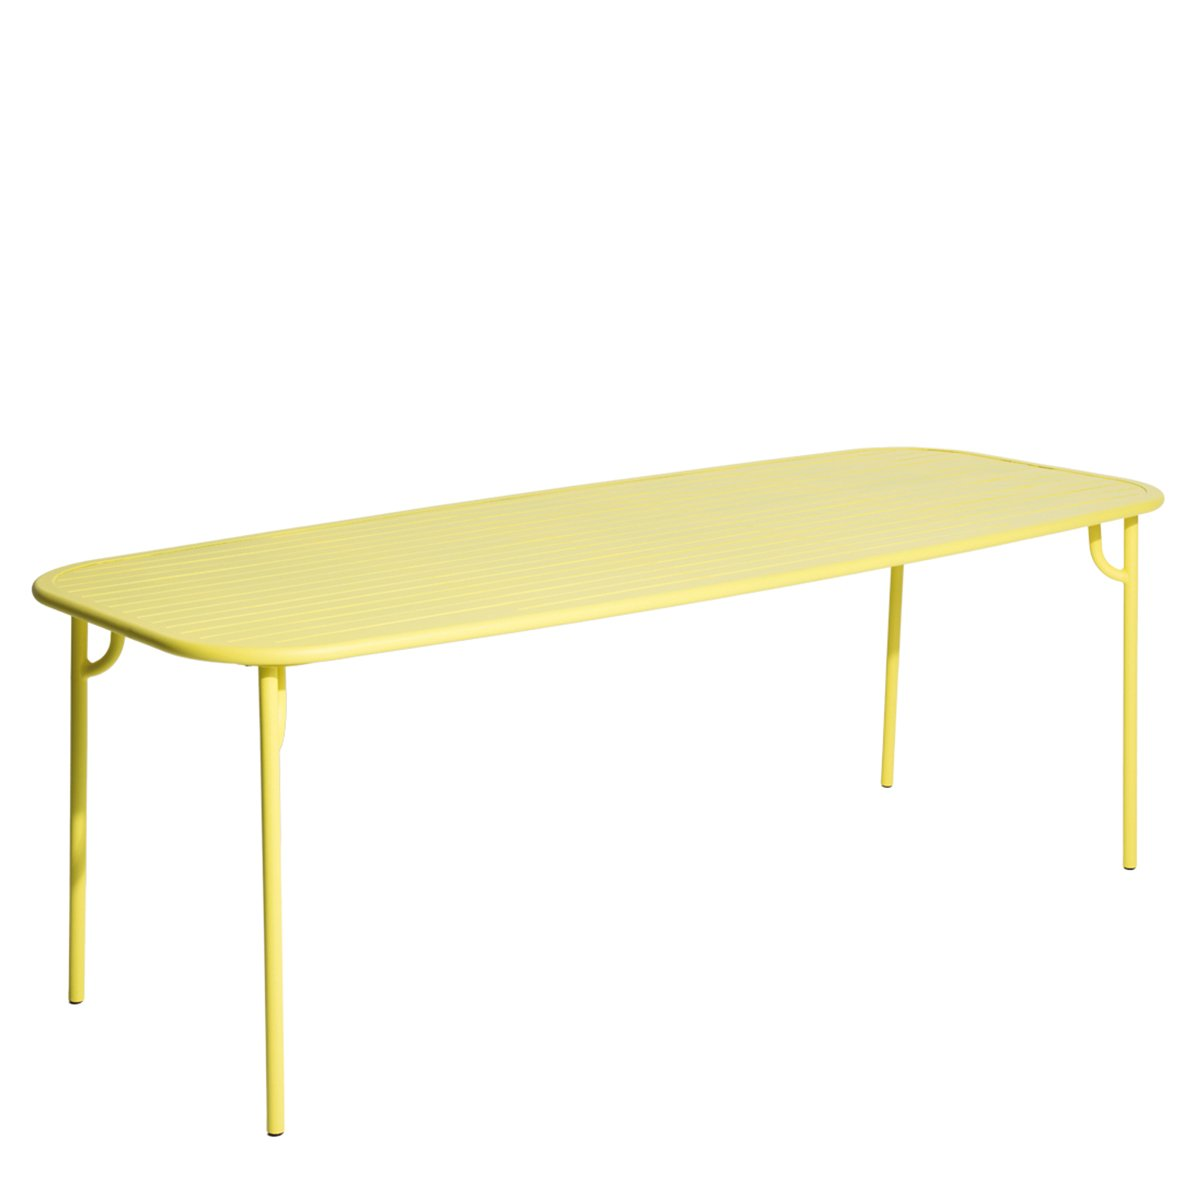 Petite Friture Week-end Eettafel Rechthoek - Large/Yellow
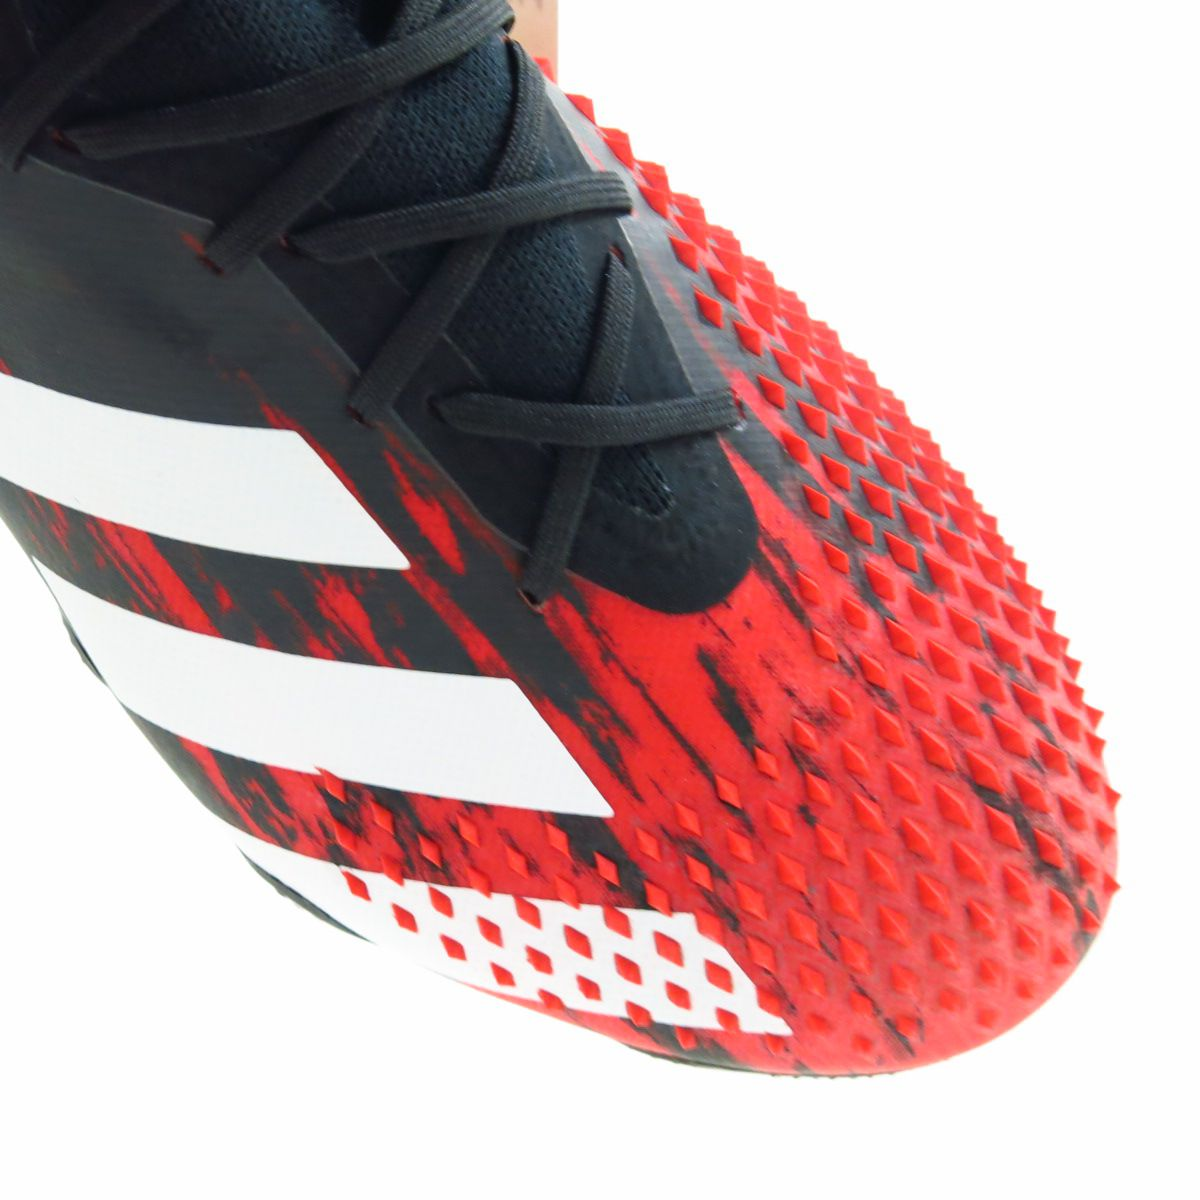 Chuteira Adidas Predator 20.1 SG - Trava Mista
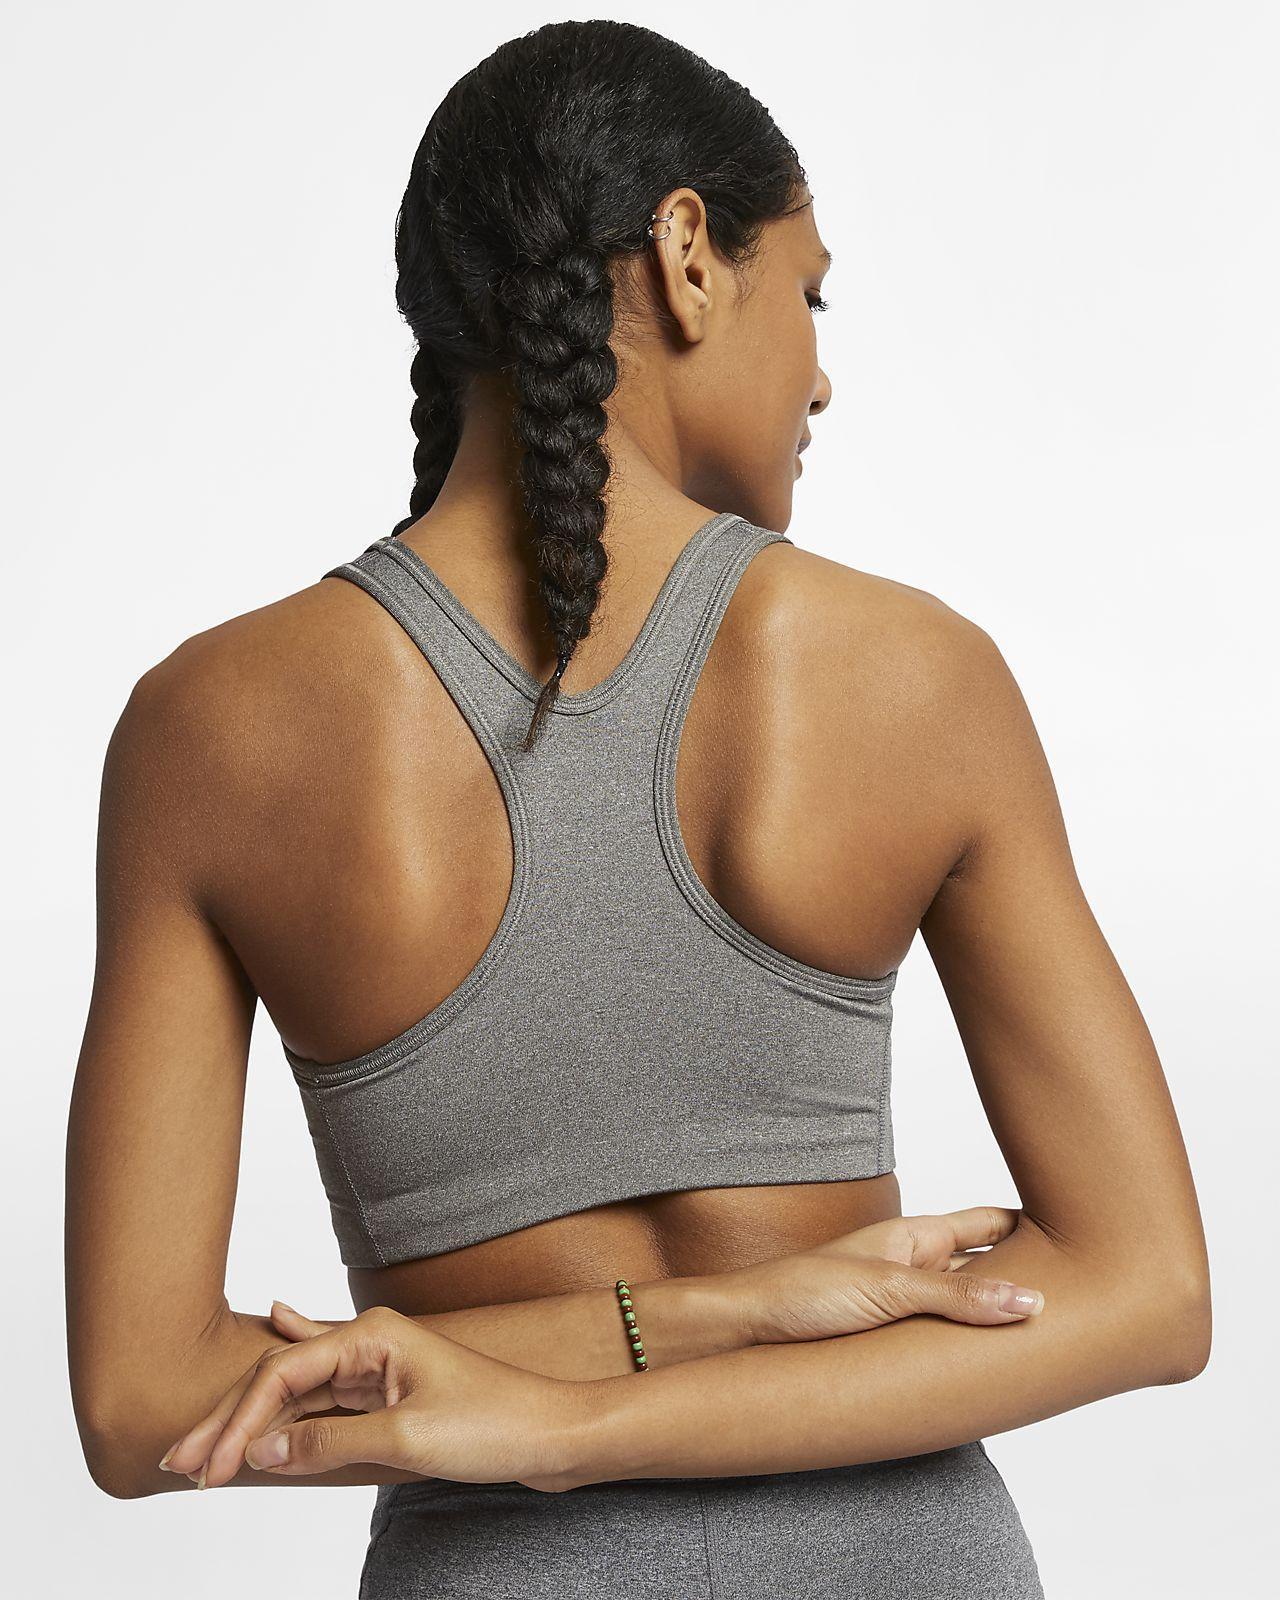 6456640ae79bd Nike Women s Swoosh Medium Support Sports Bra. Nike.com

※ ※ ※

WORK TASK: All that is needed is the span from the line with "Chuteira Adidas Predator" through the last line of the material above, reproduced exactly and free of pictures.

YOUR SOLUTION:
 Chuteira Adidas Predator 20.1 SG - Trava Mista
 6456640ae79bd Nike Women s Swoosh Medium Support Sports Bra. Nike.com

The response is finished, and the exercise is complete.